The pressure canners are easy to use if you read the instructions and don't get creative, nor leave the pot alone while it cooks. If something needs 90 minutes cooking time, you must stay there for 90 minutes.
Problem with substituting a pressure cooker for a canner is that the cooker has no specific pressure it cooks at, which is very important for keeping food safe, nor can you do quantities in it. Not knowing the right pressure is like not knowing if you have fuel in your car for a long trip. Guesswork doesn't cut it when it comes to food safety. The proper amount and time of pressure will kill anything in the bottles.
The canners have either dial gauges you read and keep the heat steady at for pounds of pressure, or, you set a special weight on the unit and it will self control, eg 10 lbs, 5 lbs, etc and you clock all of these depending on what you're making.

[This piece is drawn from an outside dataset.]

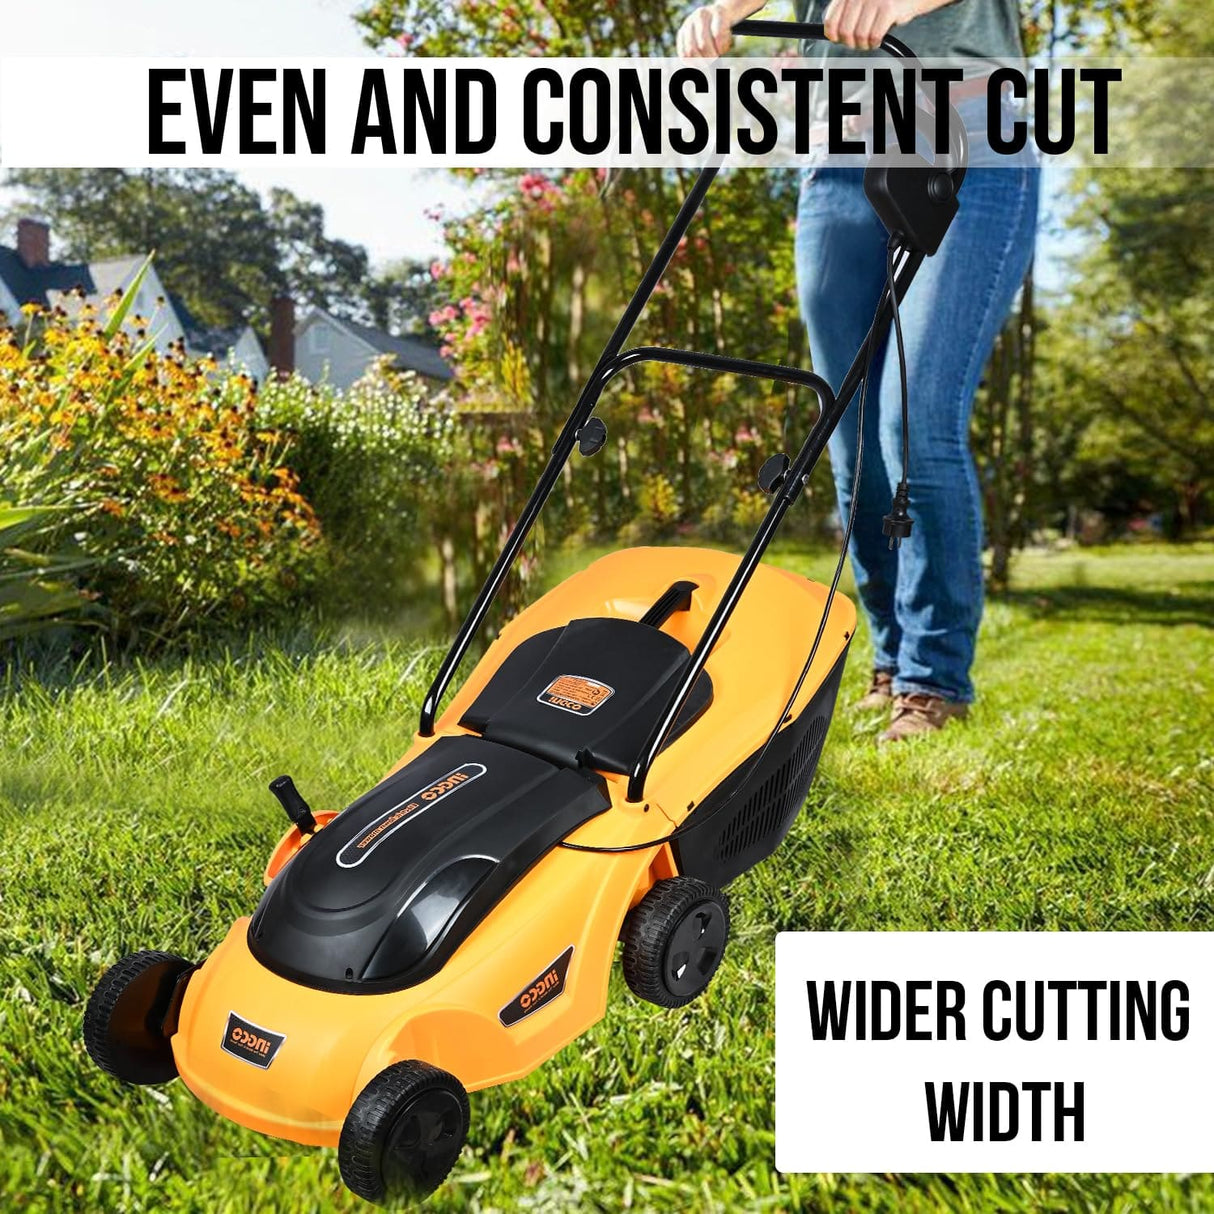 Ingco Industrial Electric Lawn Mower 1600W - LM383 | Shop Online in Accra, Ghana - Supply Master Lawn Mower Buy Tools hardware Building materials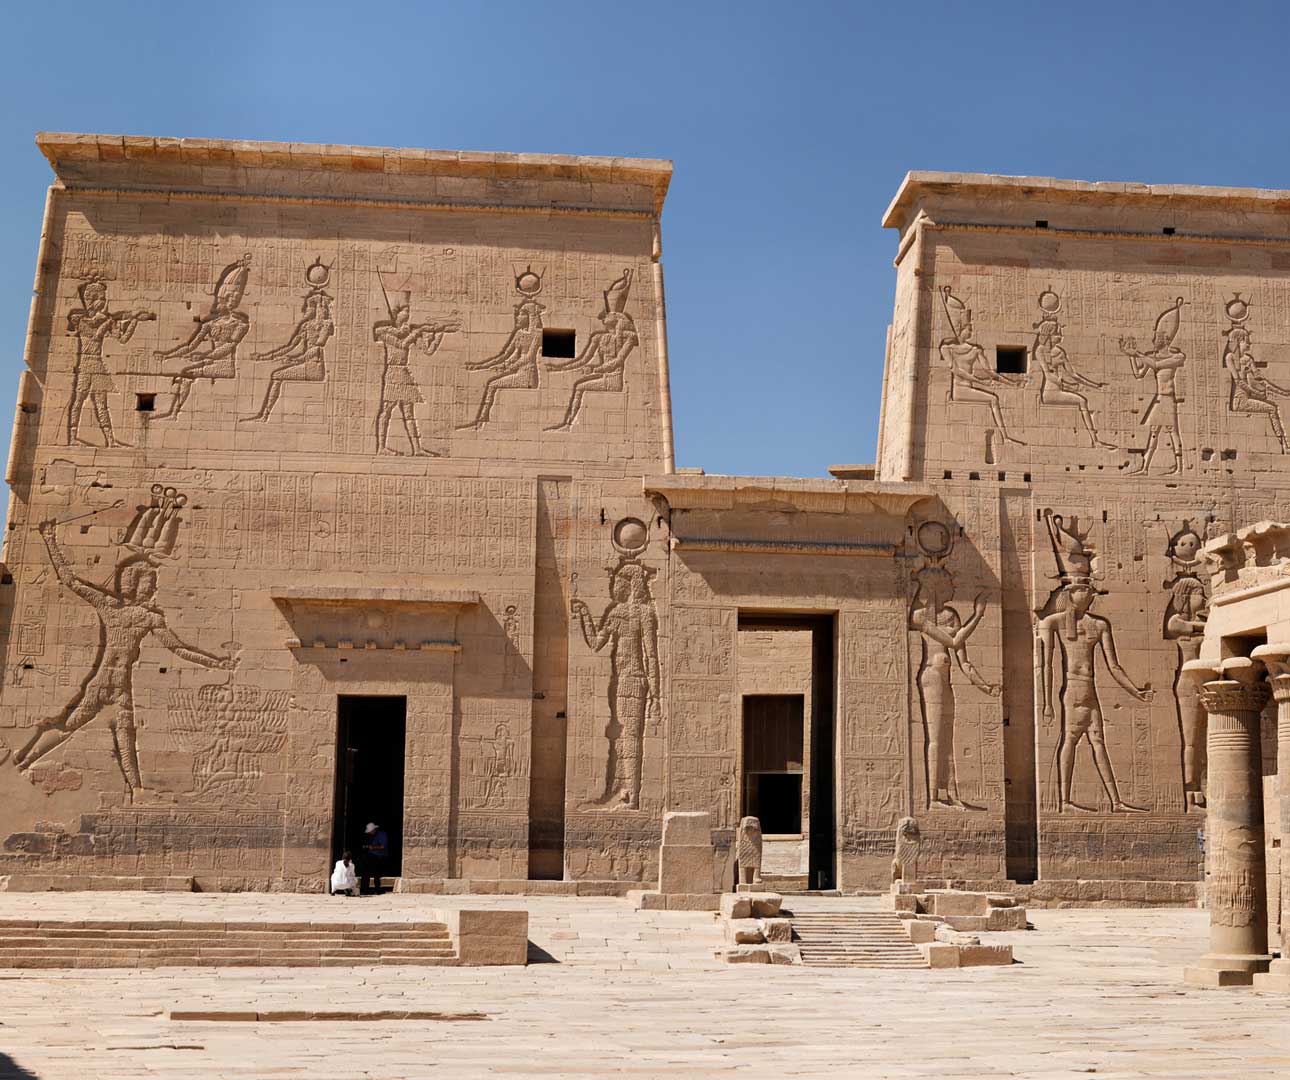 Egyptian Temples

The higher the pH level, the longer it needs to cook. eg a quart of meat will need 90 minutes at 10 lbs pressure if you're under 1,000 ft altitude, 11 lbs above 1,000 ft. These are clearly outlined in instruction books that come with the canners.
I never bother pressure canning marmalades, etc as they already have enough sugar and acidity to keep them safe and can be safely water bathed for around 15 minutes (provided the contents are already very hot). Some folk don't bother water bathing jams and such, but I always do for the safety factor. I make a LOT and can't count on eating it up within a year, nor two. I've had jams 7 years old that still taste like the day I made them.
Mostly, I pressure can all my tomato sauces because of digestive sensitivities. Water bathing and freezing just don't work for me, but pressure canning does and I can safely eat all tomato products I pressure can. I now do meat and butter in the pressure canner to save freezer space. They're very easy and safe to do. Check youtube for videos on them.